# Is this Poa Triv? Quick question



## Zcape35 (Sep 17, 2019)

I'm planning a reno and want to know if this is Poa T. It is very skinny and stalky and it grows very quickly!
Please help lol


----------



## pennstater2005 (Jul 17, 2017)

Looks like Triv to me. Especially that 3rd pic.


----------



## Zcape35 (Sep 17, 2019)

Should I hit it with Glypho now or will that not help a renovation in the fall?


----------



## Zcape35 (Sep 17, 2019)

Would any other pictures help?


----------



## fusebox7 (Jul 27, 2017)

In the 3rd pic - I thought I saw ryegrass seedheads... ryegrass gets VERY stalky when/after seeding... can you get closer pics of the leaf blade and/or seedheads?


----------



## Zcape35 (Sep 17, 2019)

fusebox7 said:


> In the 3rd pic - I thought I saw ryegrass seedheads... ryegrass gets VERY stalky when/after seeding... can you get closer pics of the leaf blade and/or seedheads?

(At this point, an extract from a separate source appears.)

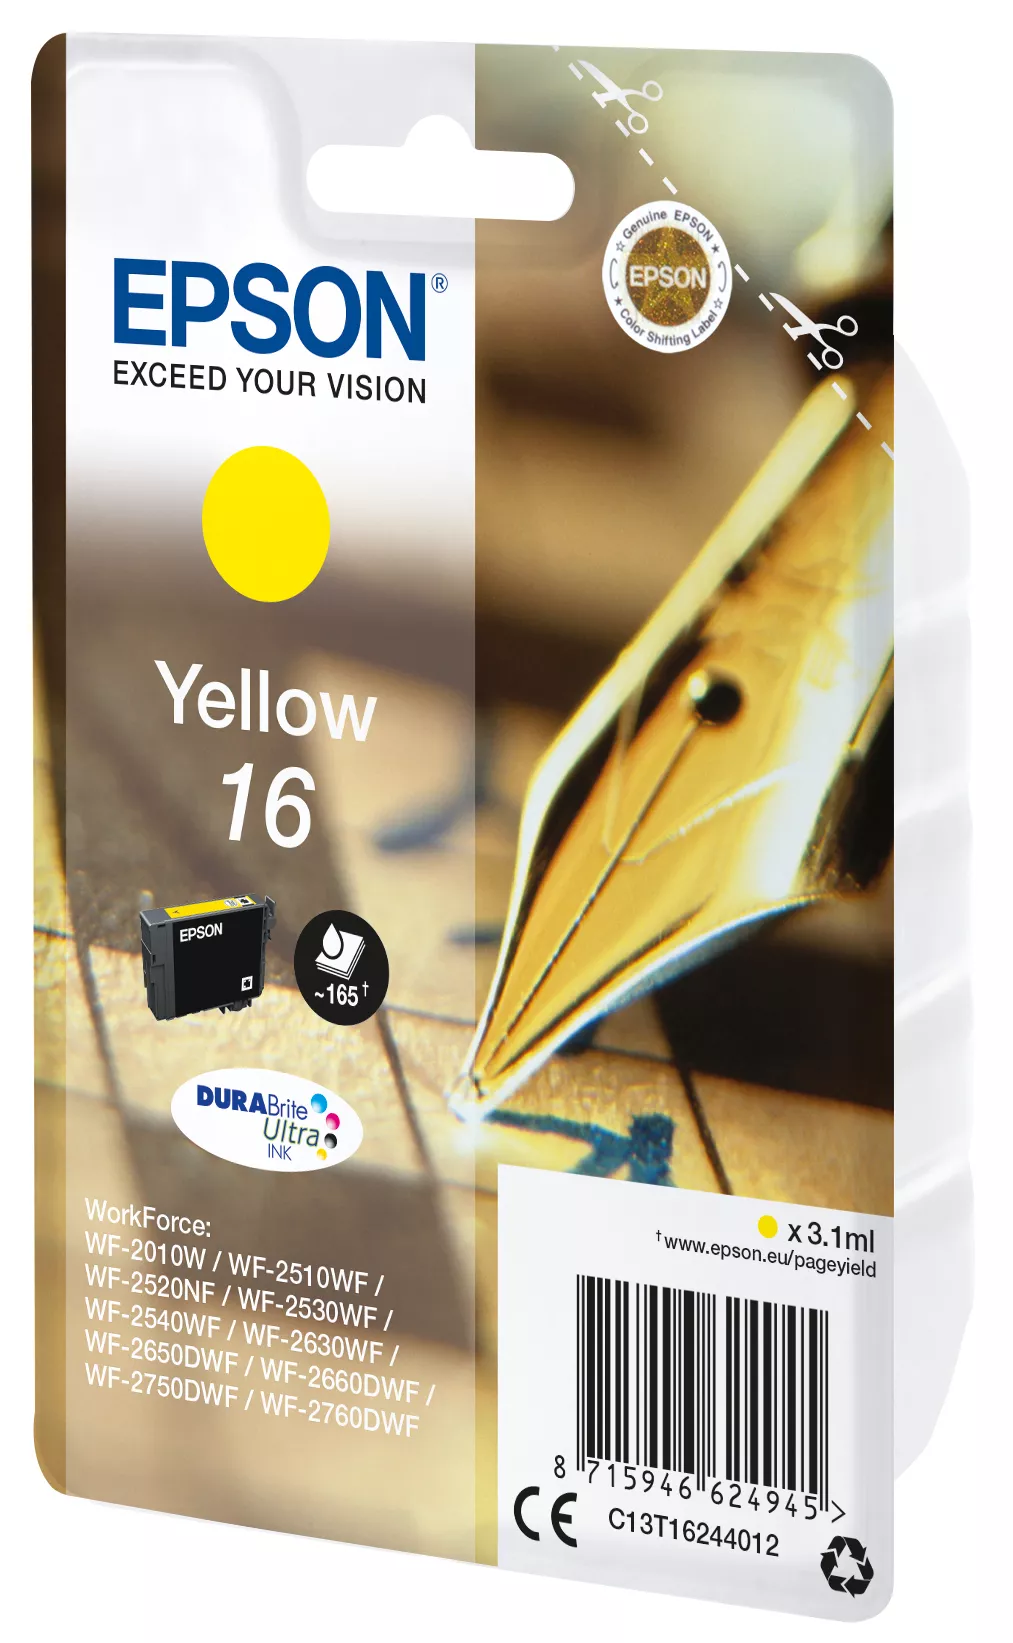 Vente EPSON 16 cartouche dencre jaune capacité standard 3.1ml Epson au meilleur prix - visuel 2
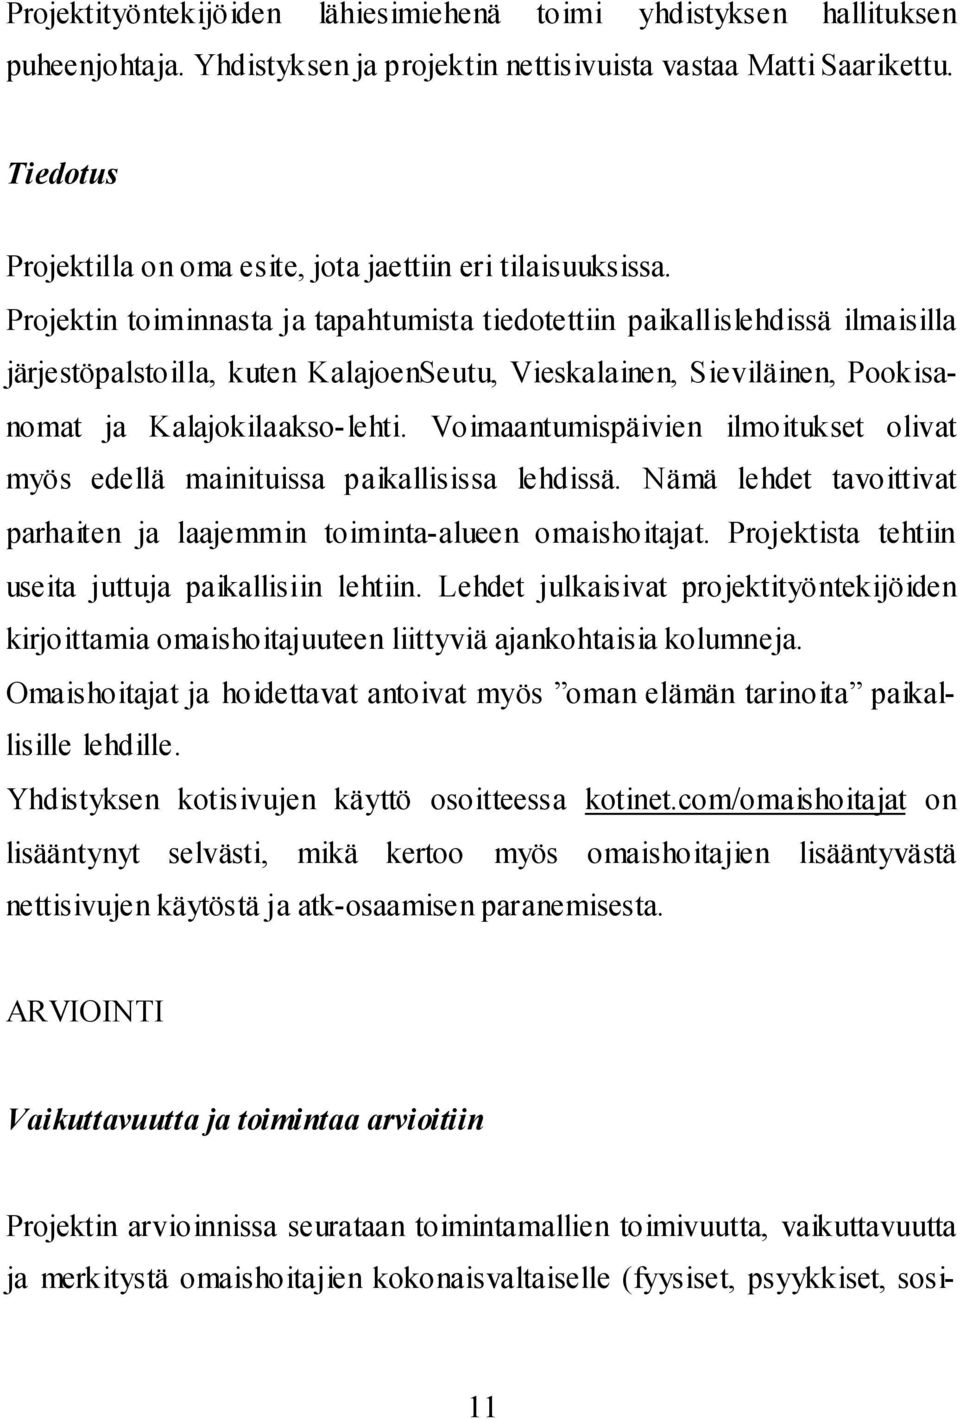 Projektin toiminnasta ja tapahtumista tiedotettiin paikallislehdissä ilmaisilla järjestöpalstoilla, kuten KalajoenSeutu, Vieskalainen, Sieviläinen, Pookisanomat ja Kalajokilaakso-lehti.

Here are a couple pictures. Thank you guys so much for your help. Their are hardly any grass blades with this stuff.


----------



## pennstater2005 (Jul 17, 2017)

That still looks like triv. Ryegrass seed heads have a more purple ish look. I have triv and the seed heads are longer like ryegrass but they're fairly easily distinguishable.

If you're going to renovate no need to kill now.


----------



## Zcape35 (Sep 17, 2019)

pennstater2005 said:


> That still looks like triv. Ryegrass seed heads have a more purple ish look. I have triv and the seed heads are longer like ryegrass but they're fairly easily distinguishable.
> 
> If you're going to renovate no need to kill now.


Thank you. 
I thought it typically looked like bluegrass? This is so stalky? I'm just being hopeful lol.


----------



## fusebox7 (Jul 27, 2017)

@pennstater2005 i didn't say perennial ryegrass  I just thought it looked like:








But I know you're the expert and it does have that familiar "splayed" out look to it that is reminiscent of triv.

Keep it alive so it dies a bit for your Reno!


----------



## pennstater2005 (Jul 17, 2017)

fusebox7 said:


> @pennstater2005 i didn't say perennial ryegrass  I just thought it looked like:
> 
> 
> 
> ...


I'm no expert! I just have a lot of Triv right now and that's what it looks like.


----------



## Zcape35 (Sep 17, 2019)

So the final nail in the coffin is if it starts to turn brown in the heat of the summer, or is there another sign of dormancy?
Happy Saturday


----------



## Wolverine (Jan 17, 2018)

Ryegrass will be red at the base.


----------